それでも諦めることなく、Microsoftアカウントにログインを試みたところ、なんと!作業用PCのPINコードでMicrosoftアカウントへのログインに成功しました。

なんと!…というか、偶然にも復旧したいPCと作業用PCが同じMicrosoftアカウントだったことがもたらした奇跡だったようです。この奇跡に心から感謝。

ついに認証コードを受け取ることができた

Microsoftアカウントにログインできたことで、すぐに回復用電話番号を設定をして、ログインができなくなったPCから先程設定した電話番号に認証コードを送信、スマートフォンで受信することができました。

次にMicrosoftアカウントのパスワードのリセットを行い、また認証コードを要求されるものの、Microsoftアカウントで使用しているGmailは引き続き48時間の休眠モードなので、再びスマートフォンに認証コードを送信!

なにやら認証手続きをしている感じの動きを見せ、ついにPINコードを設定するダイアログが表示されました。サクッとPINコードを再設定して、無事にログインすることができました。

完全に詰んでいると思われた事案でしたが、復旧したいPCと作業用PCが同じMicrosoftアカウントでログインされていたという奇跡のおかげで、無事に事なきを得ました。
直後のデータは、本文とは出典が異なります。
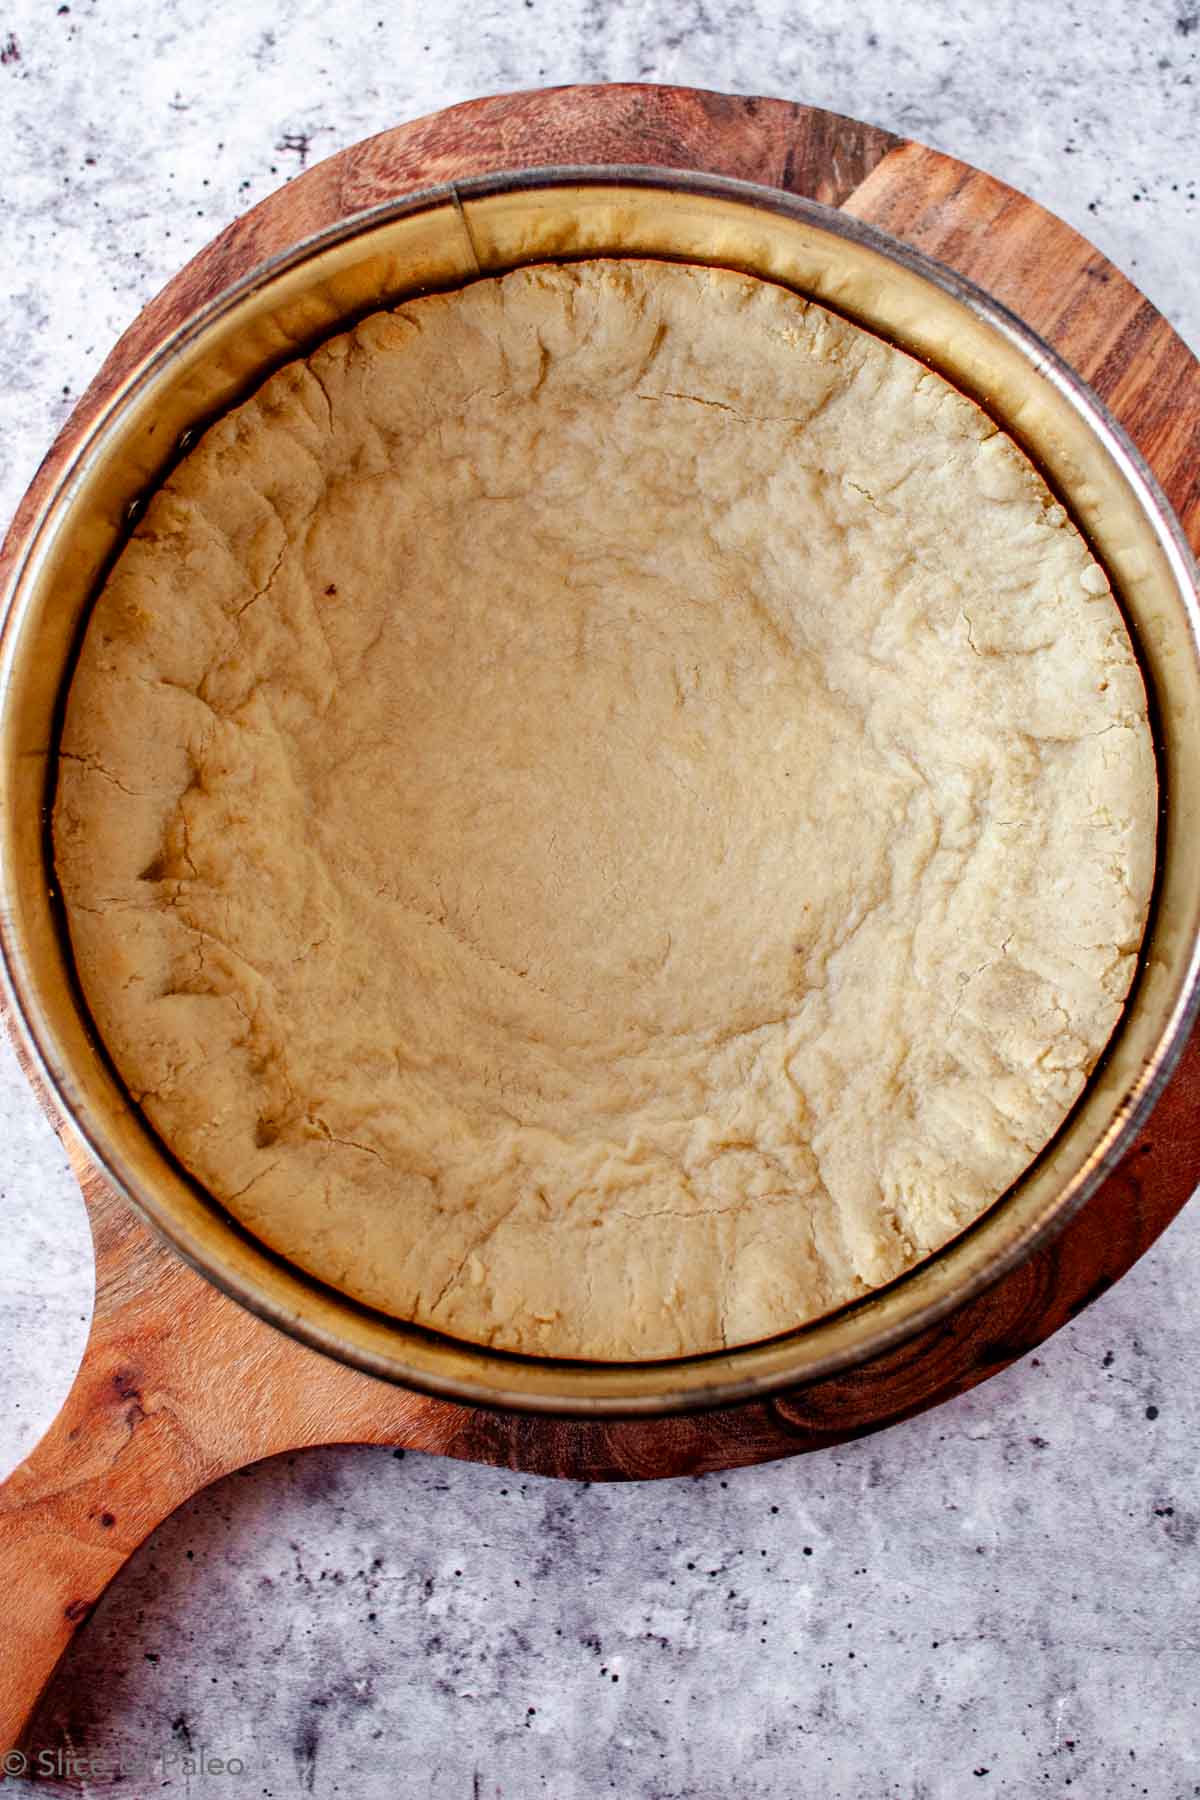 Paleo Chicago Style Deep Dish Pizza dough partially baked in a springform cake pan.

また、不測の事態に備えて、2台のPCにOneDriveを設定し、どちらかのPCが故障をしてもファイルが救出できるようになりました。

複数の対策を検討する

最近のアカウントはログイン時にスマートフォンでの認証が多いものの、回復用電話番号を設定したくても、企業によっては社員用のスマートフォンが配布されていない場合があると思います。
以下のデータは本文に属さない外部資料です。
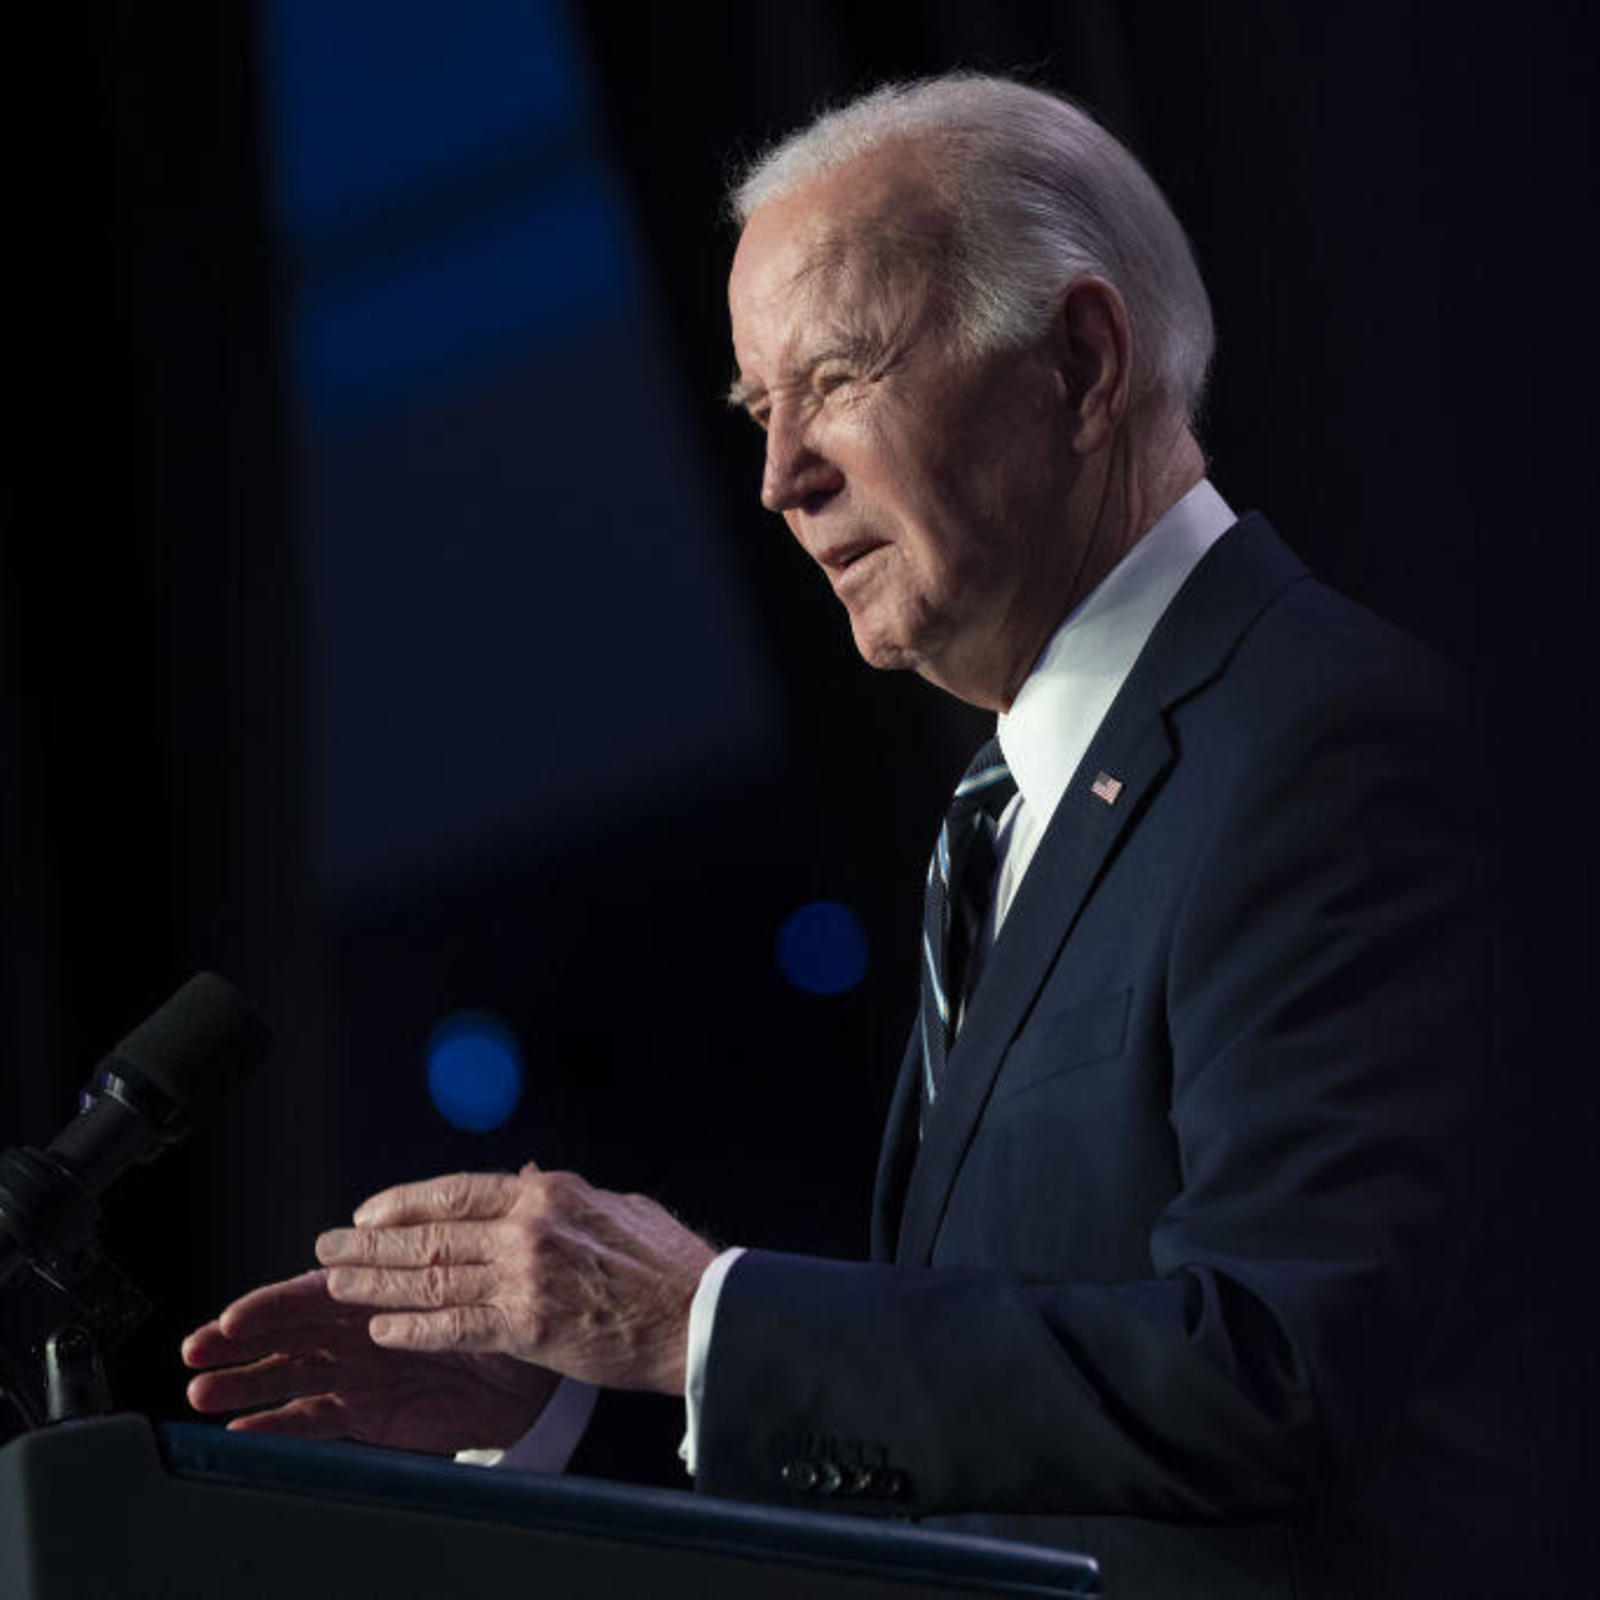 democrats in one philadelphia county say they're unconcerned about biden's age

そんな場合でも、アカウントに使用しているメールアドレスは受信可能な状態を維持し、回復用メールアドレスを必ず設定してください。

最悪の場合に備えてID、パスワードを印刷して、第三者の目の届かない場所で厳重に管理するなどの対策も検討してください。また、業種などによりパスワードを印刷して保管することが禁止されている場合があります。その場合はパスワード管理アプリなどでの対策を検討してください。

まとめ

今回のようなPCトラブルは誰にでも起こり得ますが、しっかりとした事前準備、適切な対策、パスワードを管理するための知識を持っておくことで、回避、または短時間での解決が可能になります。

特に社内にPCに詳しいスタッフがいない小規模事業者、個人事業主の方などは、

  • アカウント情報を安全に管理
  • セキュリティ対策と認証方法の定期的な見直し
  • トラブル発生時の再設定方法の理解

に努めてください。

PCトラブルの発生時は「変なメッセージが表示された」と考えずに、警告内容をしっかり読み、状況を確認し、場合によっては可能な限りメモを取るようにしてください。

PCトラブルは一見難題に感じても、1つ1つ確認をして、適切な対処法を理解していることで、解決の糸口が見つかる場合があります。そして、難しいと感じたら、決して自分で対応しようとせずにPCトラブルの専門業者に相談してください。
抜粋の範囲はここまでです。